** PROBLEM STATEMENT **
Your copy should repeat the data that follows exactly and contain no image.
=== COLLECTED MATERIAL ===
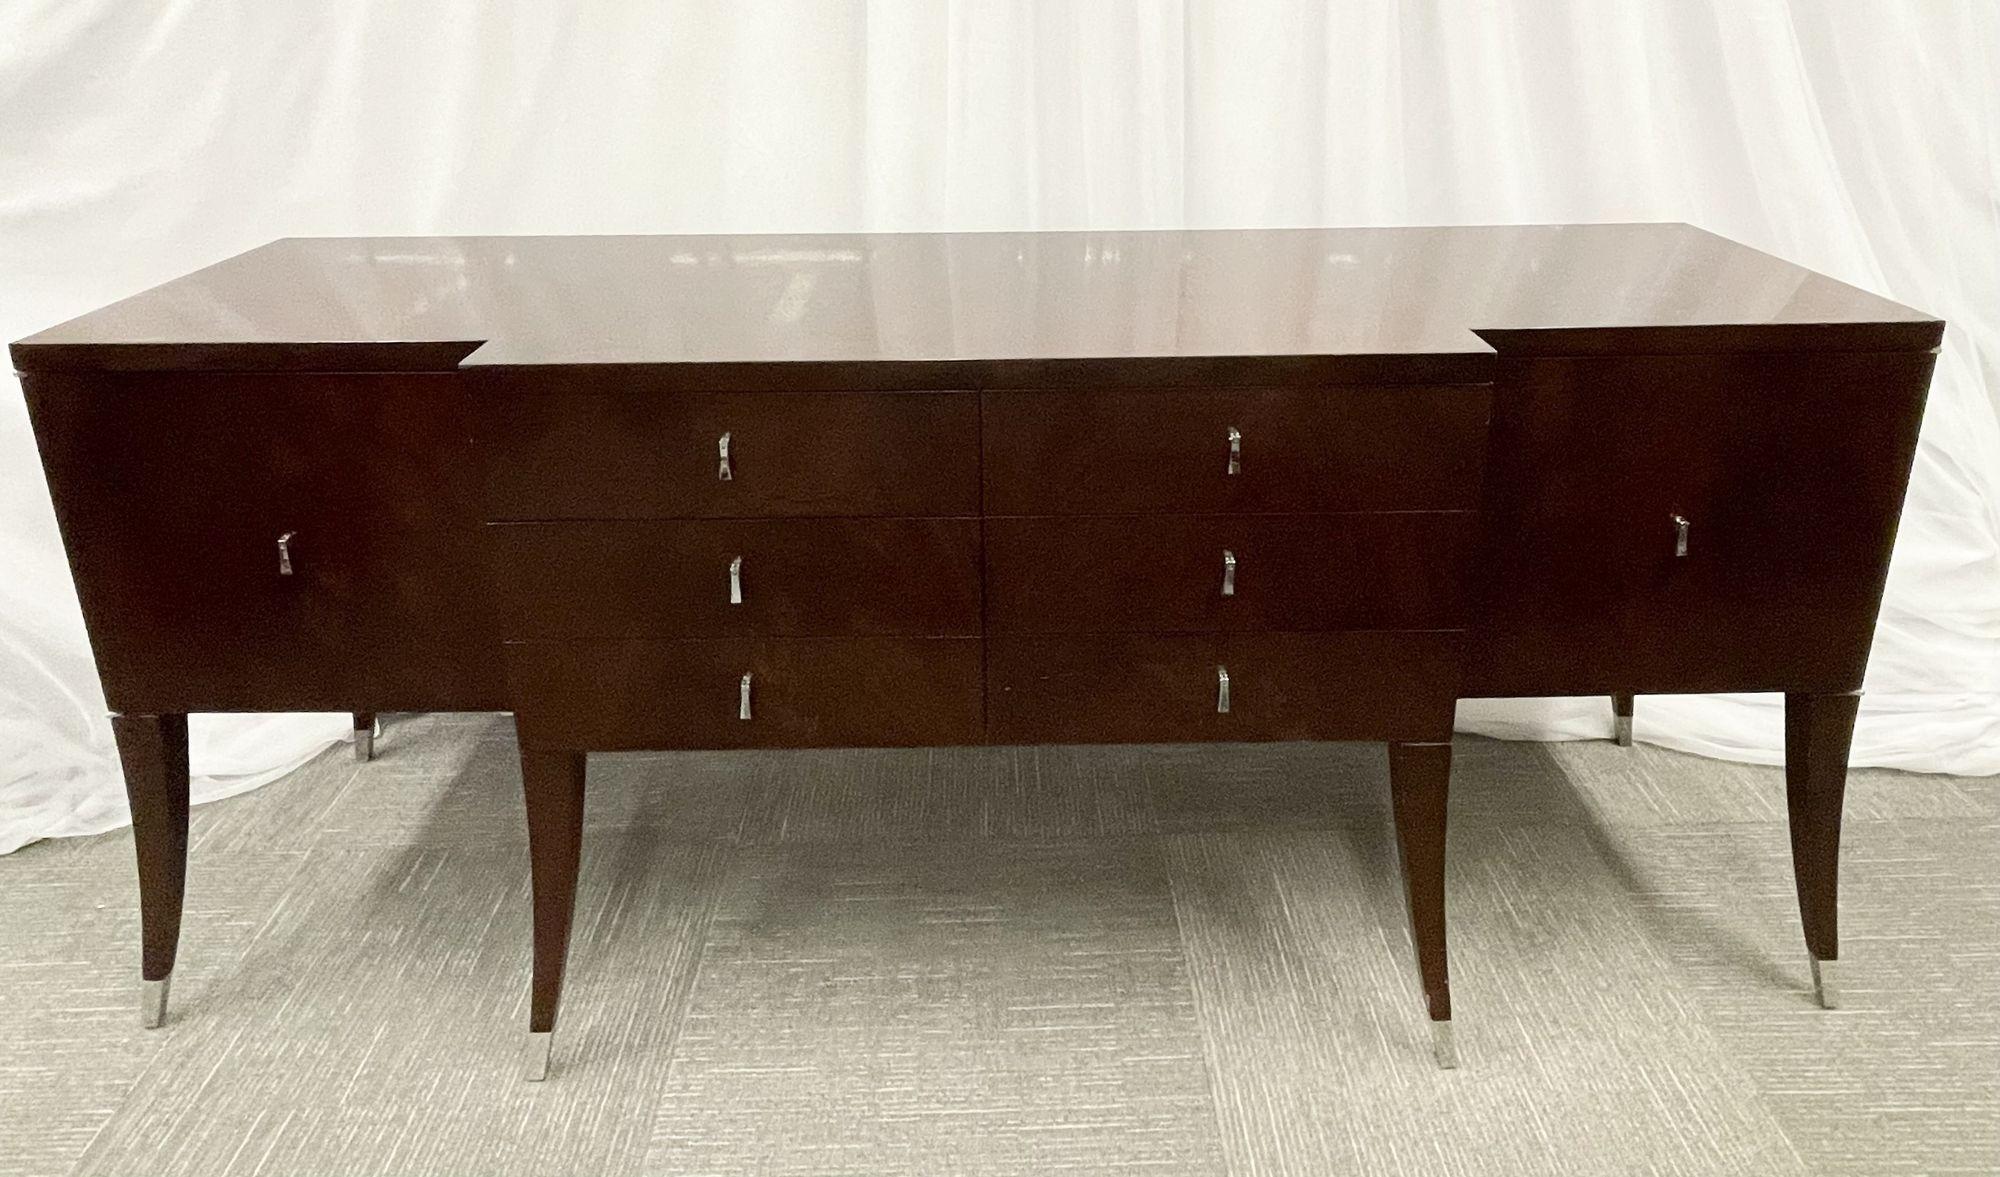 A flame Mahogany sideboard by Decca for Bolier
 
A Fine custom quality flame mahogany sideboard having 3 x 3 center drawers flanked by open square doors which contain two shelves each. On each side of the cabinet a 14
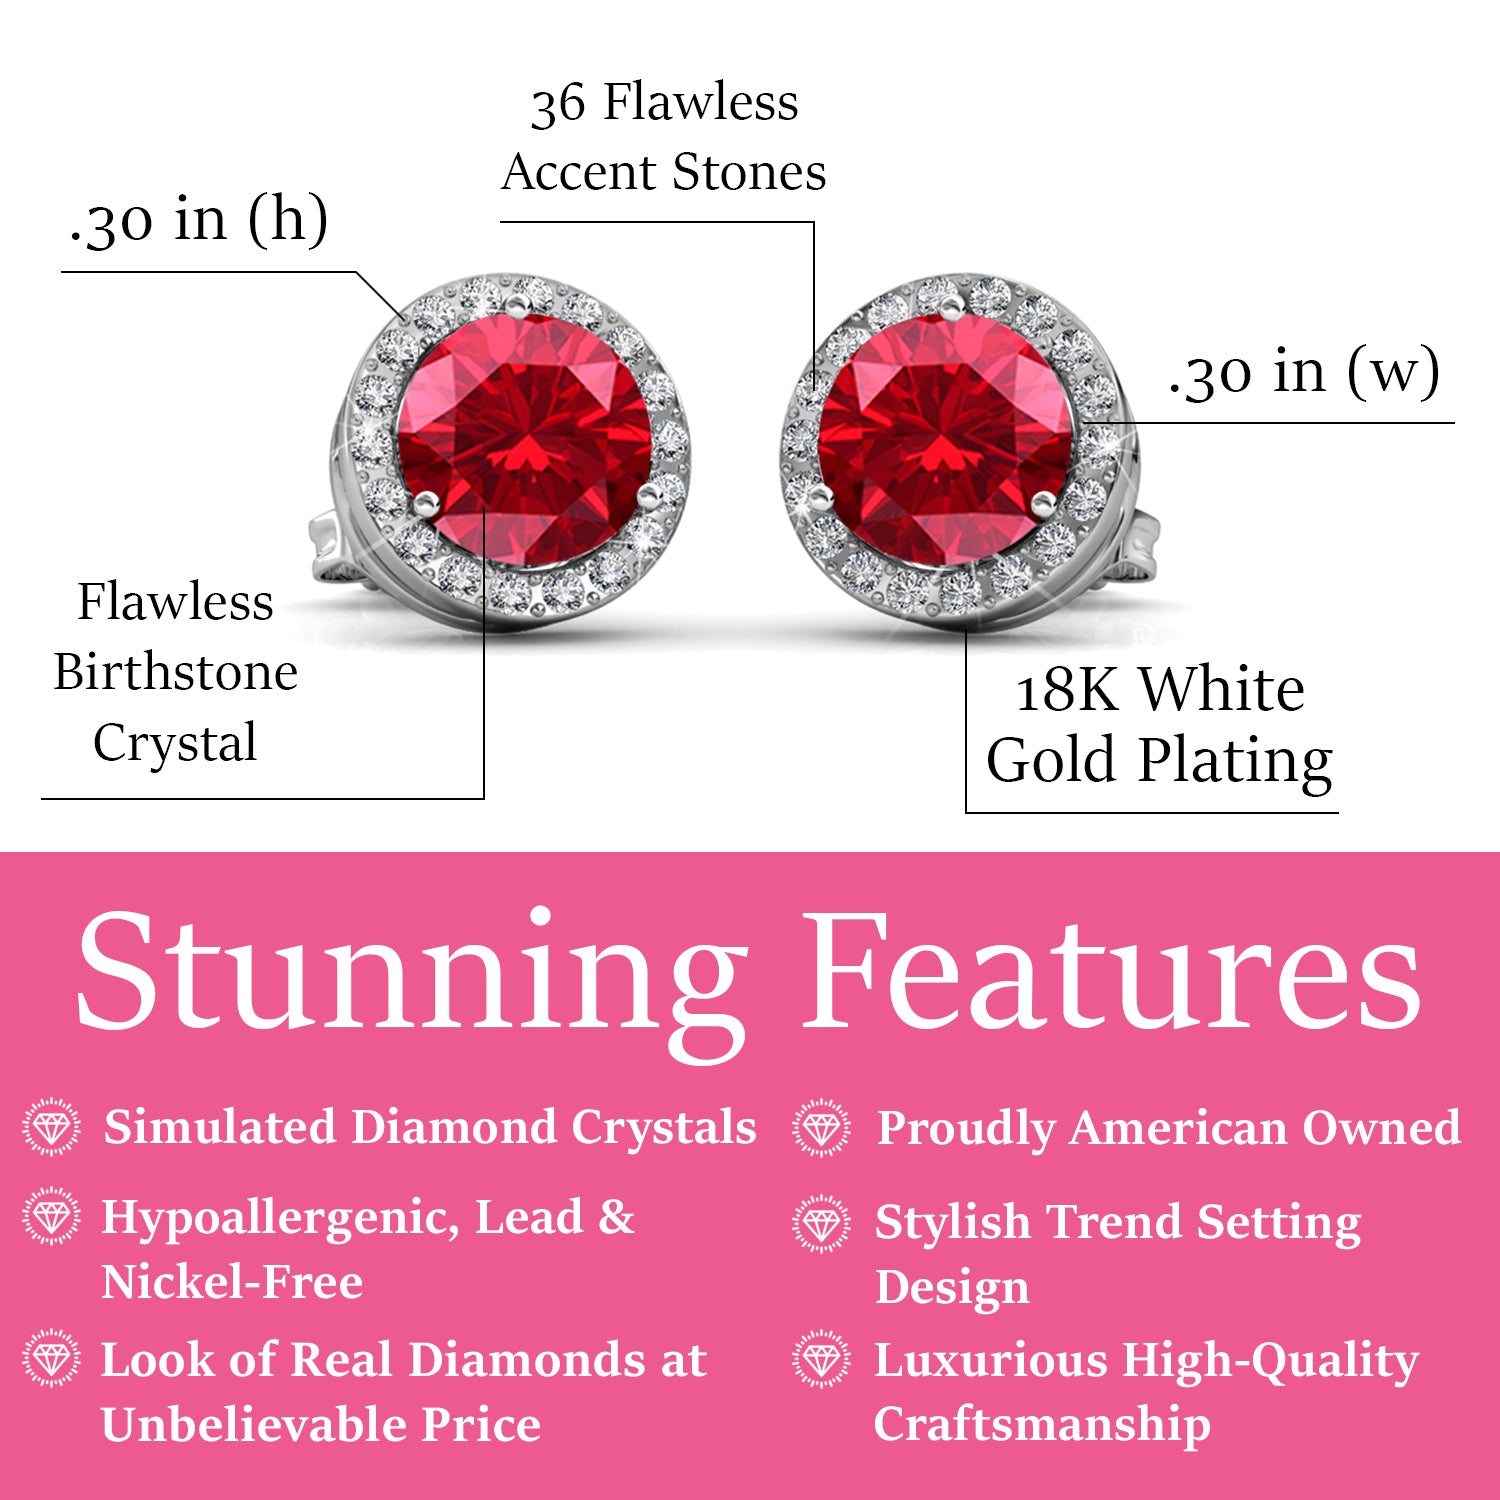 Royal July Birthstone Ruby Earrings, 18k White Gold Plated Silver Halo Earrings with Round Cut Crystals
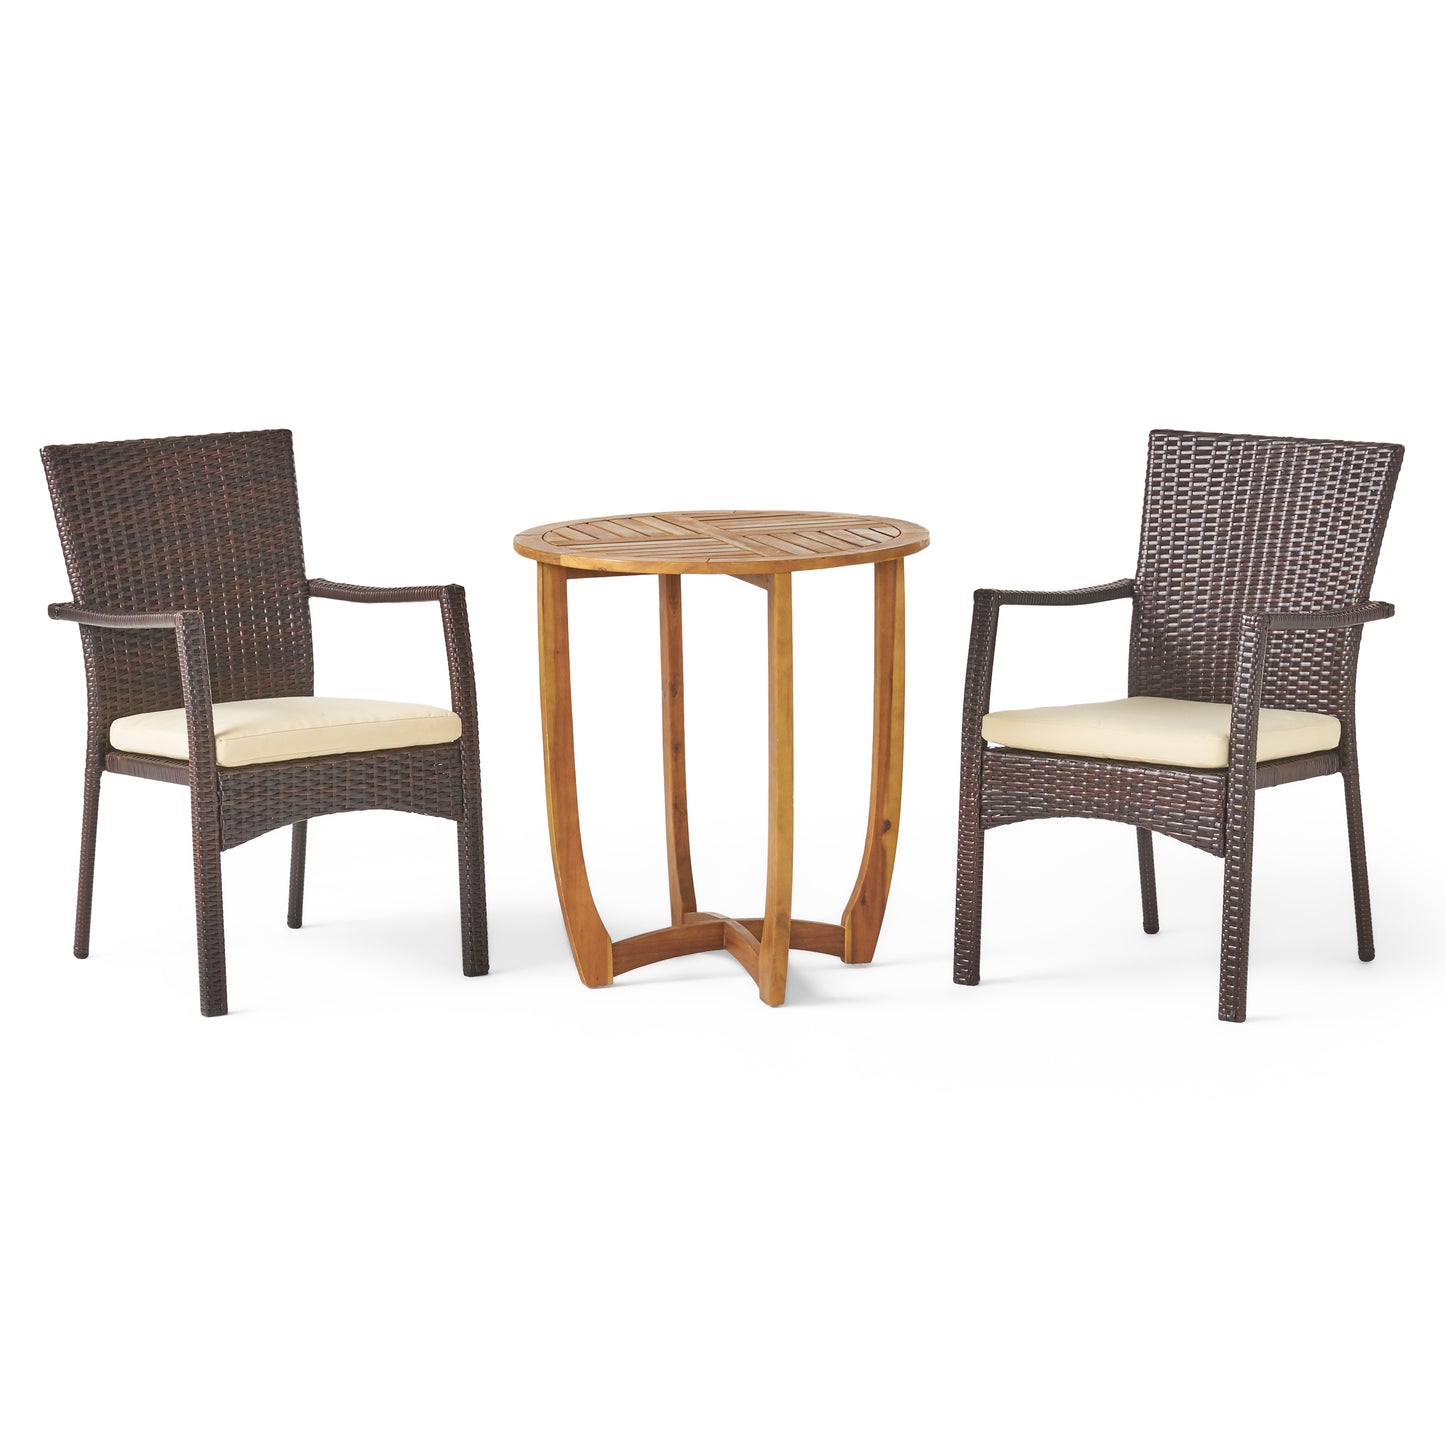 Leyam Outdoor 3 Piece Acacia Wood/ Wicker Bistro Set with Cushions, Teak Finish and Brown with Crème
===
** SOLUTION **
 A flame Mahogany sideboard by Decca for Bolier
 
A Fine custom quality flame mahogany sideboard having 3 x 3 center drawers flanked by open square doors which contain two shelves each. On each side of the cabinet a 14
 Royal July Birthstone Ruby Earrings, 18k White Gold Plated Silver Halo Earrings with Round Cut Crystals
 Leyam Outdoor 3 Piece Acacia Wood/ Wicker Bistro Set with Cushions, Teak Finish and Brown with Crème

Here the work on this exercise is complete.